Materialization¶

final class lsst.daf.relation.Materialization(target: Relation, payload: Any = None, *, name: str)¶

Bases: MarkerRelation

A marker operation that indicates that the upstream tree should be evaluated only once, with the results saved and reused for subsequent processing.

Materialization is the only provided operation for which UnaryOperationRelation.is_locked defaults to True.

Also unlike most operations, the payload value for a Materialization if frequently not None, as this is where engine-specific state is cached for future reuse.

Attributes Summary

`columns`	The columns in this relation (`Set` [ `ColumnTag` ] ).
`engine`	The engine that is responsible for interpreting this relation (`Engine`).
`is_join_identity`	Whether a `join` to this relation will result in the other relation being returned directly (`bool`).
`is_locked`	Whether this relation and those upstream of it should be considered fixed by tree-manipulation algorithms (`bool`).
`is_trivial`	Whether this relation has no real content (`bool`).
`max_rows`	The maximum number of rows this relation might have (`int` or `None`).
`min_rows`	The minimum number of rows this relation might have (`int`).
`payload`	The engine-specific contents of the relation.

Methods Summary

`attach_payload`(payload)	Attach an engine-specific `payload` to this relation.
`chain`(rhs)	Return a new relation with all rows from this relation and another.
`join`(rhs[, predicate, backtrack, transfer])	Return a new relation that joins this one to the given one.
`materialized`([name, name_prefix])	Return a new relation that indicates that this relation's payload should be cached after it is first processed.
`reapply`(target[, payload])	Mark a new target relation, returning a new instance of the same type.
`simplify`(target)
`sorted`(terms, *[, preferred_engine, ...])	Return a new relation that sorts rows according to a sequence of column expressions.
`transferred_to`(destination)	Return a new relation that transfers this relation to a new engine.
`with_calculated_column`(tag, expression, *[, ...])	Return a new relation that adds a calculated column to this one.
`with_only_columns`(columns, *[, ...])	Return a new relation whose columns are a subset of this relation's.
`with_rows_satisfying`(predicate, *[, ...])	Return a new relation that filters out rows via a boolean expression.
`without_duplicates`(*[, preferred_engine, ...])	Return a new relation that removes any duplicate rows from this one.

Attributes Documentation

columns¶: The columns in this relation (Set [ ColumnTag ] ).

engine¶: The engine that is responsible for interpreting this relation (Engine).

is_join_identity¶

Whether a join to this relation will result in the other relation being returned directly (bool).

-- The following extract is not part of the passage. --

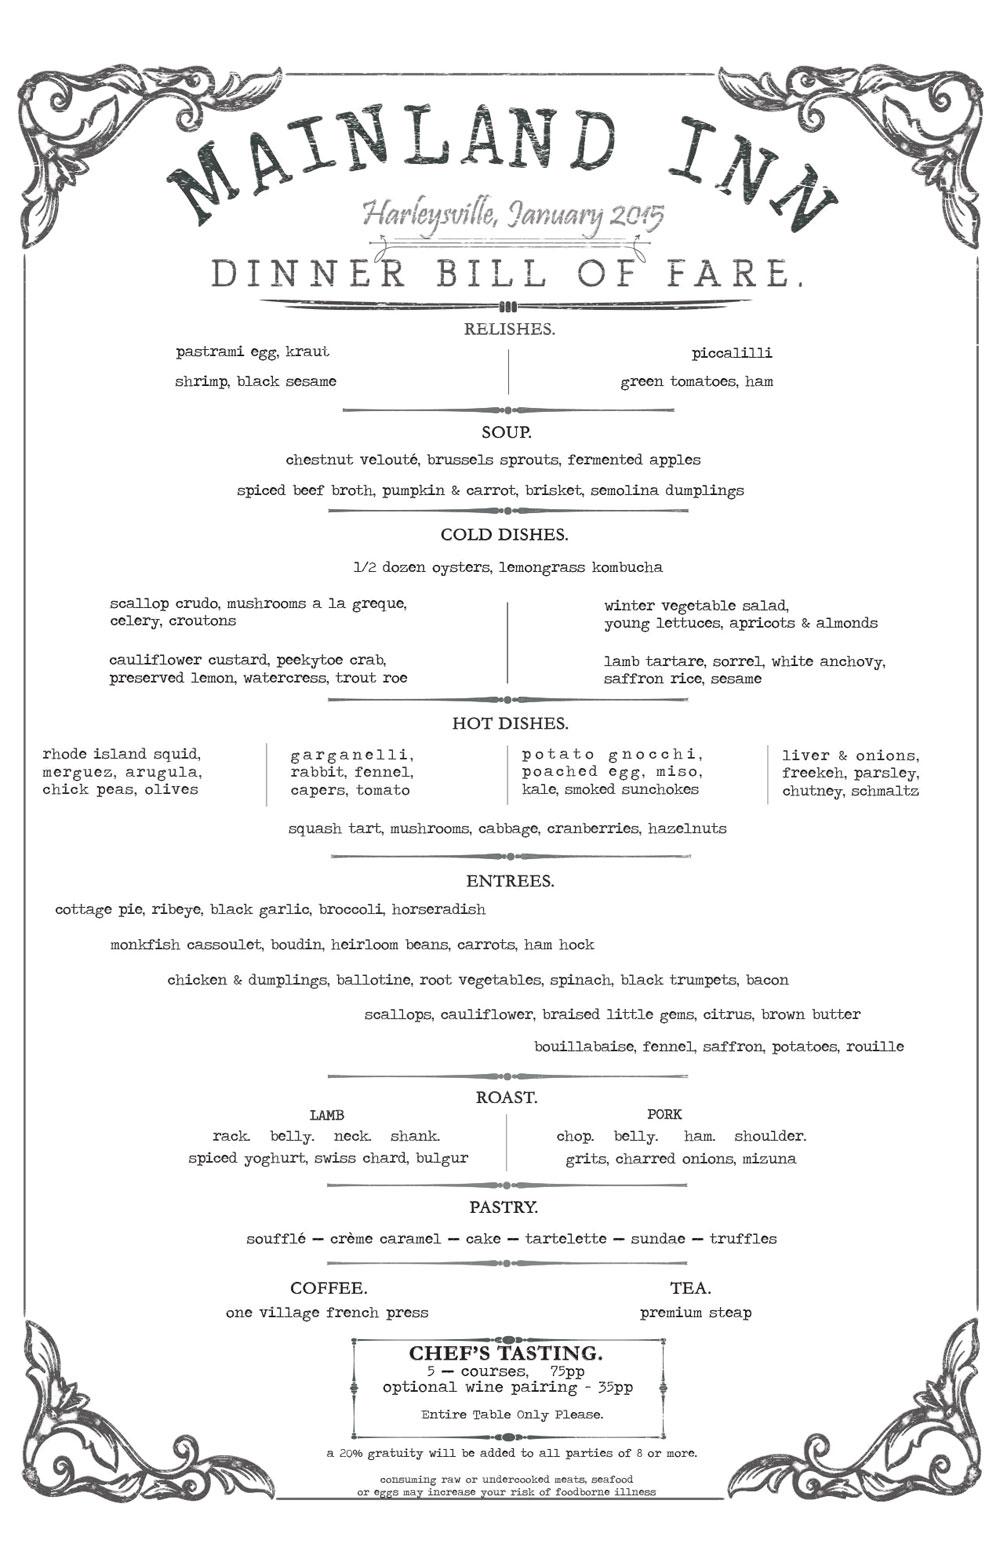 mainland-inn-menu-preview

Join identity relations have exactly one row and no columns.

See also

Processor.materialize

reapply(target: Relation, payload: Any | None = None) → MarkerRelation¶

Mark a new target relation, returning a new instance of the same type.

Parameters:

targetRelation: New relation to mark.
payload, optional: Payload to attach to the new relation.

Returns:

relationMarkerRelation: A new relation with the given target.

Notes

This method is primarily intended for use by operations that “unroll” a relation tree to perform some modification upstream and then “replay” the operations and markers that were downstream. MarkerRelation implementations with state that depends on the target will need to override this method to update that state accordingly.

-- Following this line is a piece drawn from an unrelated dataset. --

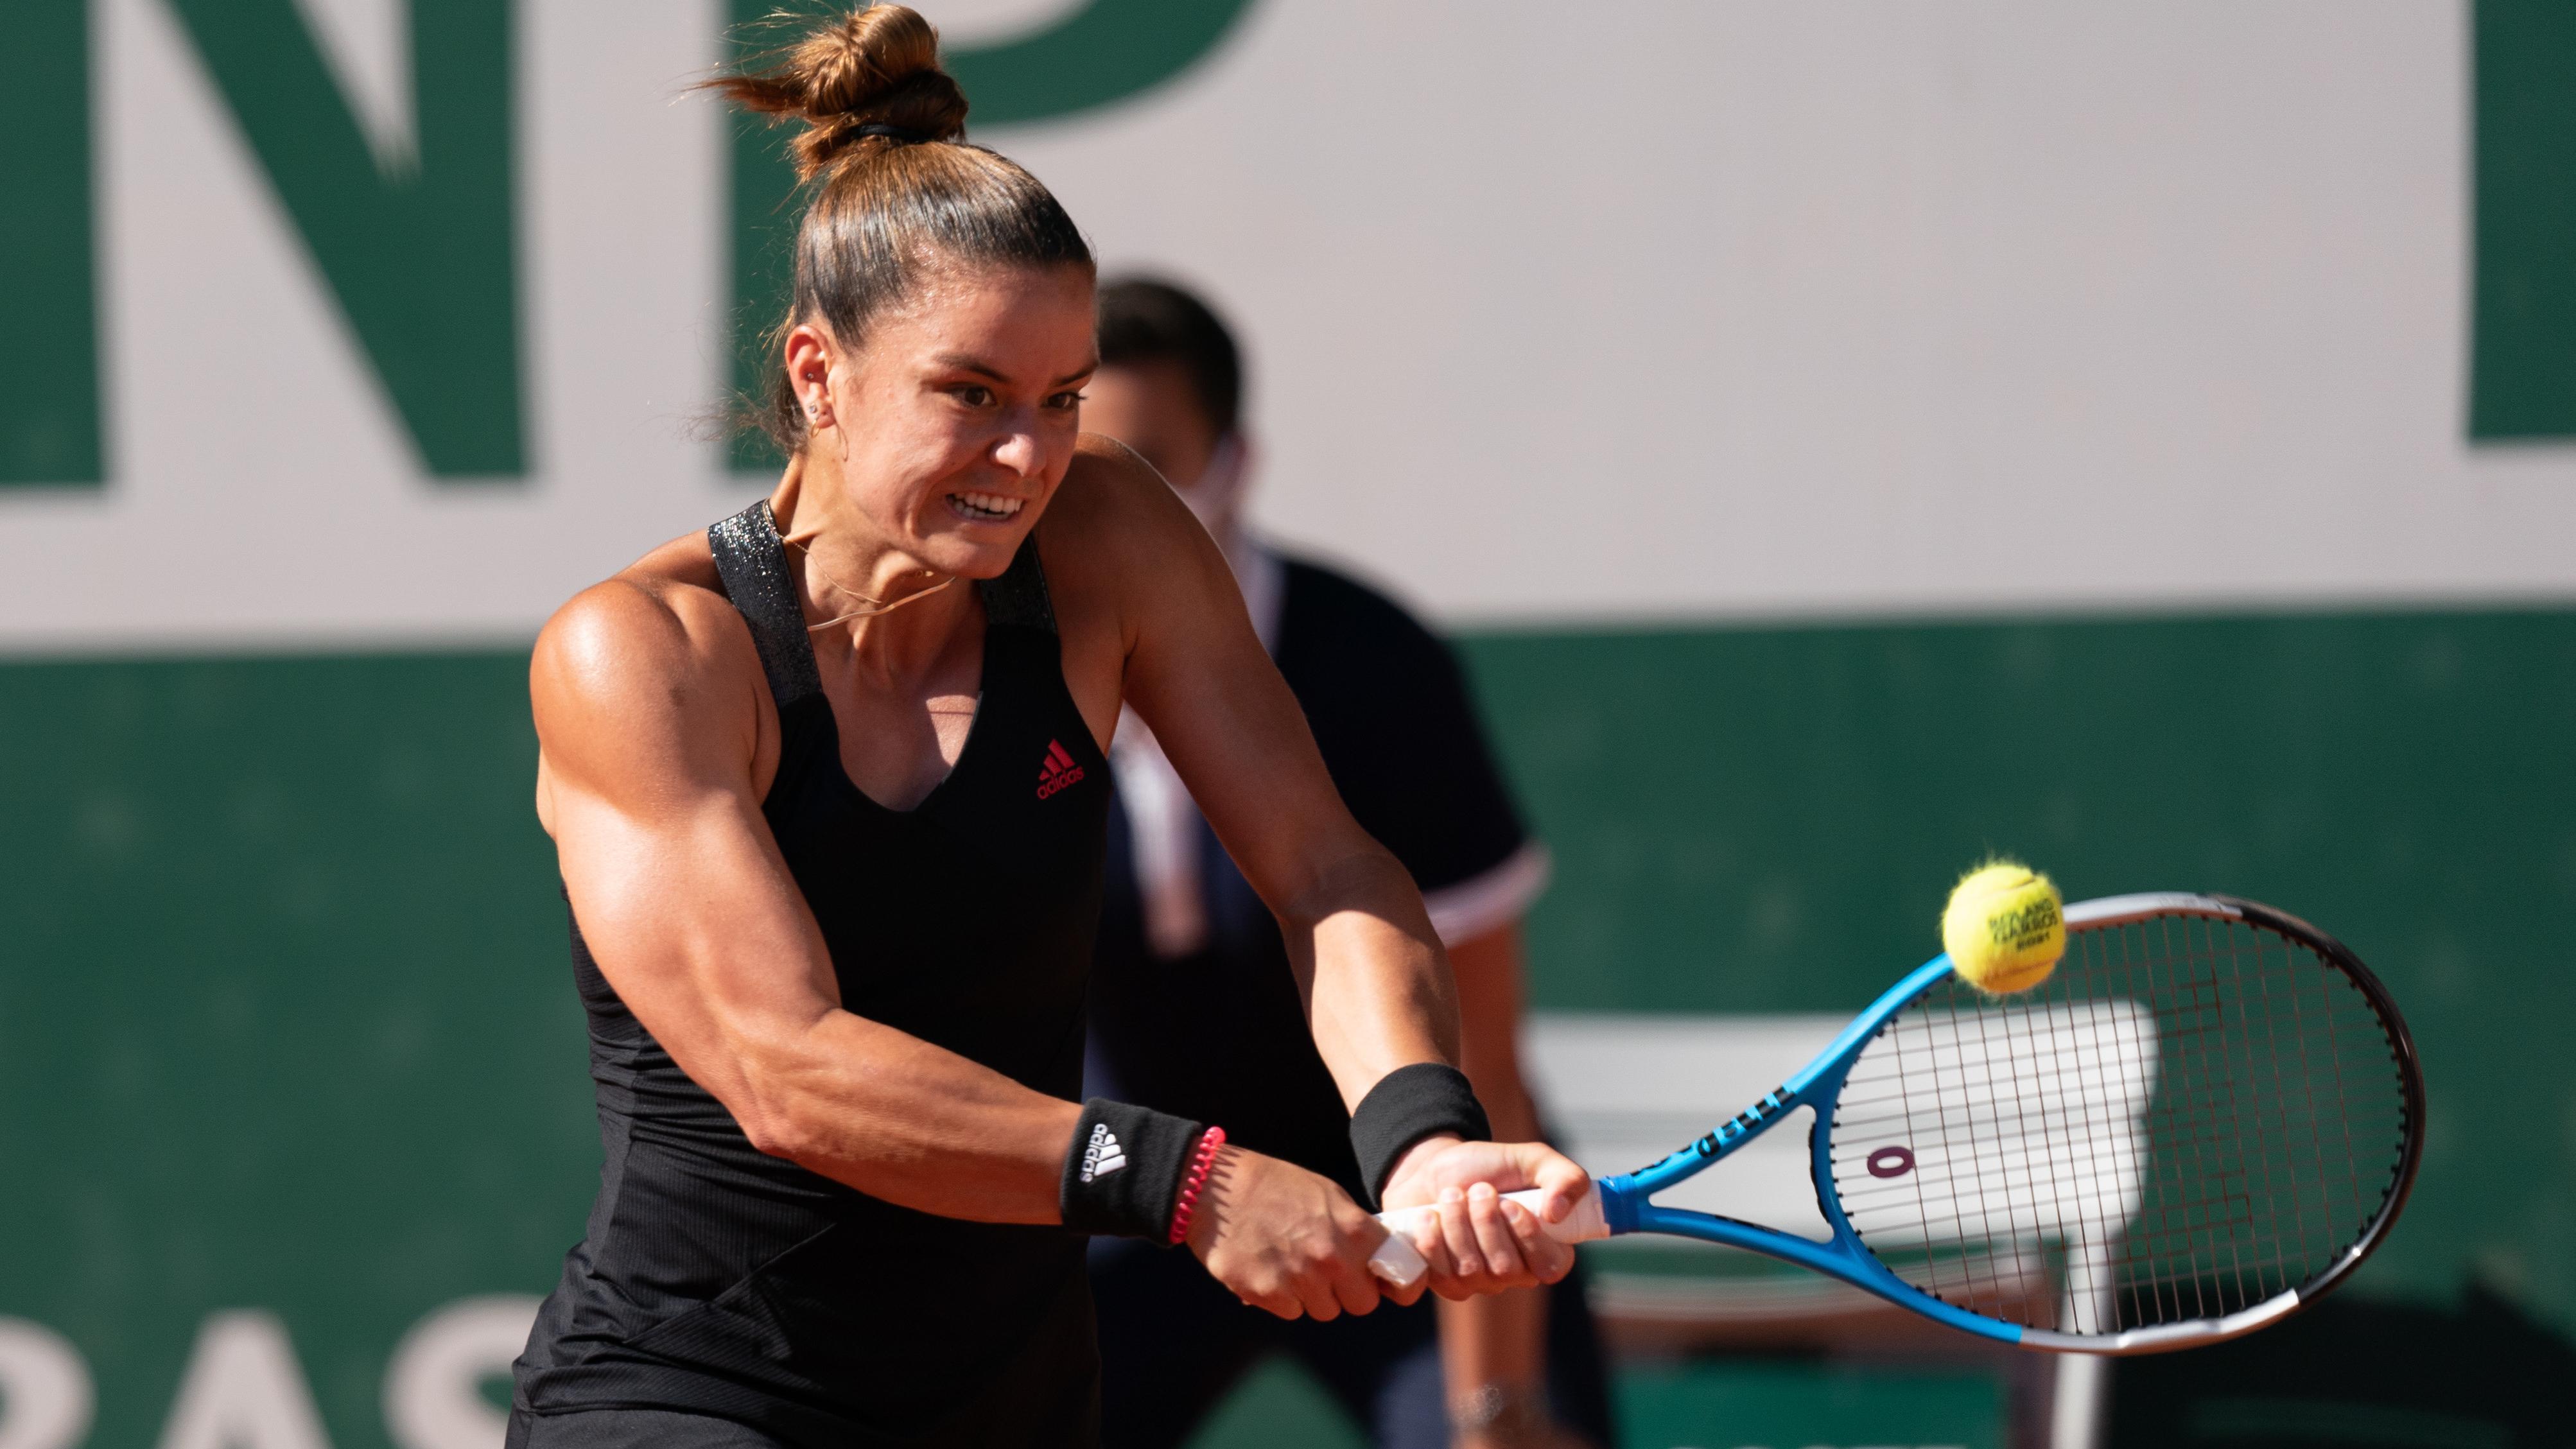 Wimbledon Championships 2021: Maria Sakkari vs. Arantxa Rus Tennis Pick and Prediction

classmethod simplify(target: Relation) → bool¶

sorted(terms: Sequence[SortTerm], *, preferred_engine: Engine | None = None, backtrack: bool = True, transfer: bool = False, require_preferred_engine: bool = False) → Relation¶

Return a new relation that sorts rows according to a sequence of column expressions.

This is a convenience method that constructs and applies a Sort operation.

Parameters:

termsSequence [ SortTerm ]: Ordered sequence of column expressions to sort on, with whether to apply them in ascending or descending order.
preferred_engineEngine, optional: Engine that the operation would ideally be performed in. If this is not equal to self.engine, the backtrack, transfer, and require_preferred_engine arguments control the behavior.
backtrackbool, optional: If True (default) and the current engine is not the preferred engine, attempt to insert this sort before a transfer upstream of the current relation, as long as this can be done without breaking up any locked relations or changing the resulting relation content.
transferbool, optional: If True (False is default) and the current engine is not the preferred engine, insert a new Transfer before the Sort. If backtrack is also true, the transfer is added only if the backtrack attempt fails.
require_preferred_enginebool, optional: If True (False is default) and the current engine is not the preferred engine, raise EngineError. If backtrack is also true, the exception is only raised if the backtrack attempt fails. Ignored if transfer is true.

Returns:

relationRelation: New relation with sorted rows. Will be self if terms is empty. If self is already a sort operation relation, the operations will be merged by concatenating their terms, which may result in duplicate sort terms that have no effect.

Raises:

ColumnError: Raised if any column required by a SortTerm is not present in self.columns.
EngineError: Raised if require_preferred_engine=True and it was impossible to insert this operation in the preferred engine, or if a SortTerm expression was not supported by the engine.

transferred_to(destination: Engine) → Relation¶

Return a new relation that transfers this relation to a new engine.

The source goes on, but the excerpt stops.